# Phosphorescence Auric Chloride



## Anonymous (Jun 19, 2010)

Of no great importance but thought I would share, Phosphorescence Auric Chloride
[youtube]http://www.youtube.com/watch?v=-u9nSwnMy2M[/youtube]

Screenshot.


----------



## machiavelli976 (Jun 20, 2010)

i don't know... Looks like lens effect over the falling drop. Should be done in full dark.


----------



## Anonymous (Jun 20, 2010)

machiavelli976 said:


> i don't know... Looks like lens effect over the falling drop. Should be done in full dark.



No trickery here, apparently it's the hydrogen and platinum in the auric chloride creating an electric reaction causing the phosphorescence. 

Perhaps one of our chemists could explain the reaction. Or a moderator could delete this entire post as worthless and misleading.


----------



## machiavelli976 (Jun 21, 2010)

this way sounds reasonable. i remember the chemiluminescence of those plastic rods that infested this world years ago. might be a similar lighting mechanism


----------



## Palladium (Jun 21, 2010)

I haven't seen what you are talking about, but i did notice tiny electrical discharges in my ap solution. This was in a 15 gallon plastic drum filled with pins with excessive air pumped through a 5 micron filter bag used as a desperation bladder. The temp was about 55 degs and the lights were off while i was looking at it. I kept seeing something and finally figured it was like tiny lighting flashes. Weird !!!

On a different note i saw something the other night that was just as weird. Lightning bugs and H2O2 while i was refining some experimental material. I had a bottle of freshly opened H2O2 and had left the lid off while I went inside to do something. I have a table set up on the back 40 so I don’t have to worry about a fume hood by being outside. The lightings bugs gathered around the top of the bottle like it was candy of something. I put the lid back on and they were gone in 10 minutes. Did it again and it was the same thing. Hummm….


----------



## jimdoc (Jun 21, 2010)

Palladium said:


> The lightings bugs gathered around the top of the bottle like it was candy of something. I put the lid back on and they were gone in 10 minutes. Did it again and it was the same thing. Hummm….

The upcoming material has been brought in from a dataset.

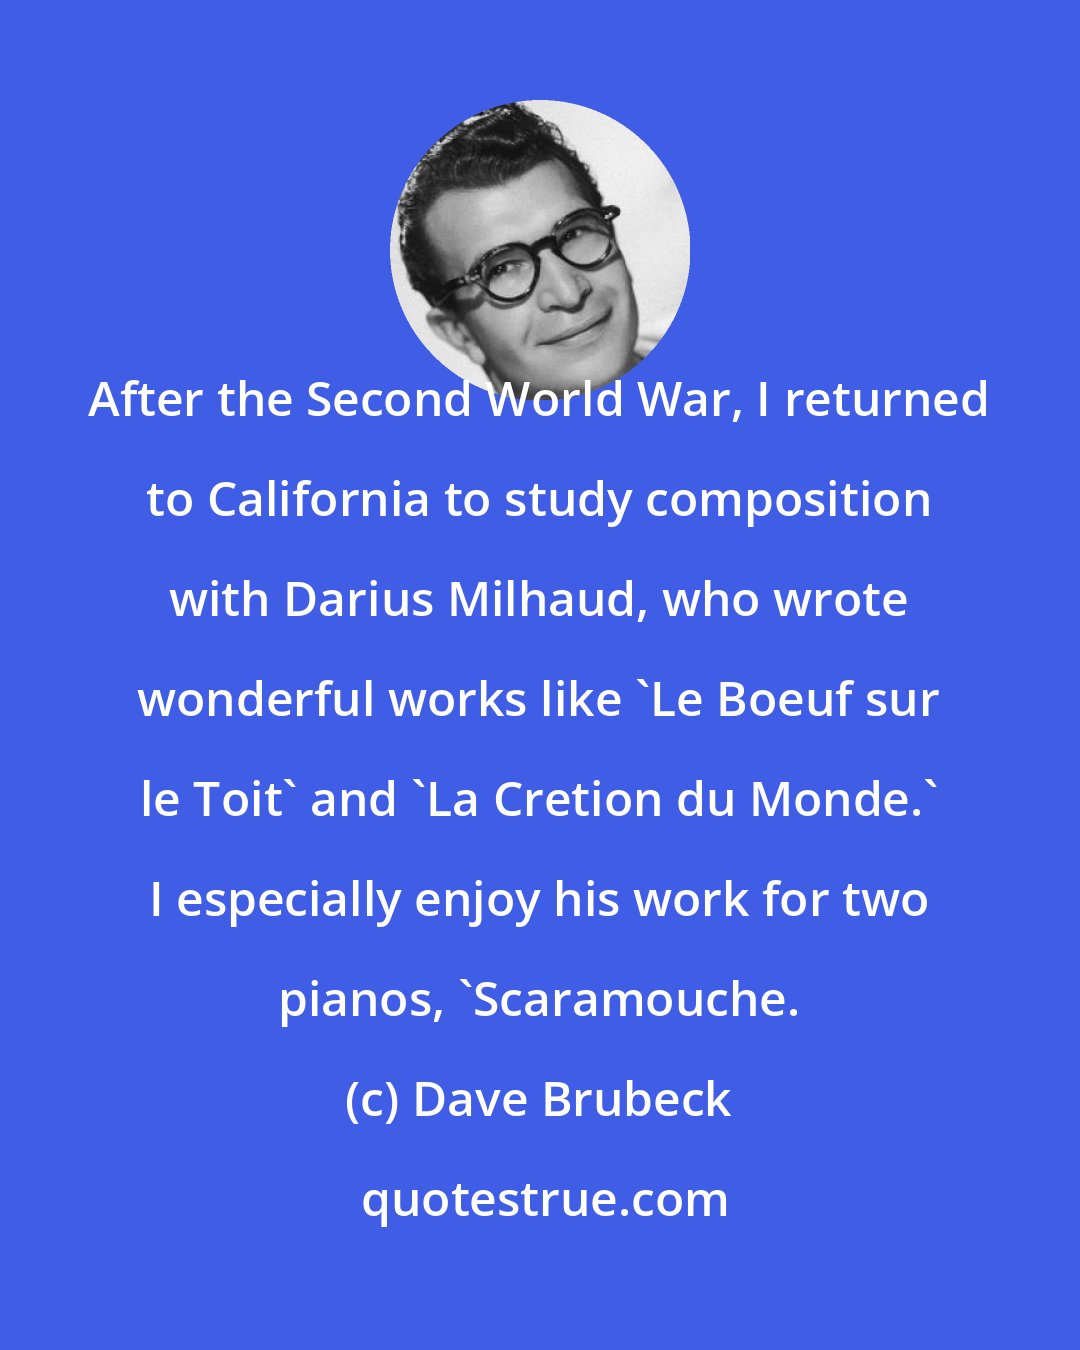 Dave Brubeck: After the Second World War, I returned to California to study composition with Darius Milhaud, who wrote wonderful works like 'Le Boeuf sur le Toit' and 'La Cretion du Monde.' I especially enjoy his work for two pianos, 'Scaramouche.

Be careful,they are looking to steal your gold.
How do you think they glow.

Jim


----------



## Palladium (Jun 21, 2010)

jimdoc said:


> Palladium said:
> 
> 
> > The lightings bugs gathered around the top of the bottle like it was candy of something. I put the lid back on and they were gone in 10 minutes. Did it again and it was the same thing. Hummm….
> ...



Between them and the Google bot it's a wonder i can find any. lol


----------



## g_axelsson (Jun 23, 2010)

gustavus said:


> machiavelli976 said:
> 
> 
> > i don't know... Looks like lens effect over the falling drop. Should be done in full dark.
> ...



This is a purely optical effect, When the drop is falling from the filter it forms a perfect sphere that concentrate the light from the window. If it was a chemical process then the filter and the solution should show some glow. 
The camera is placed at the perfect distance from the drop at the focus point for that size of sphere. You should be able to repeat the effect with pure water with similar lightning conditions.

Gustavus was spot on, you should have blocked the light out to prove that it came from the solution and not from the external lighting.

I'm no chemist but I am a physicist.

/Göran


----------



## Lou (Jun 24, 2010)

Goran is right. Phosphorescence would be a completely different decay pathway that is...unlikely to be seen for any aqueous gold solution.


----------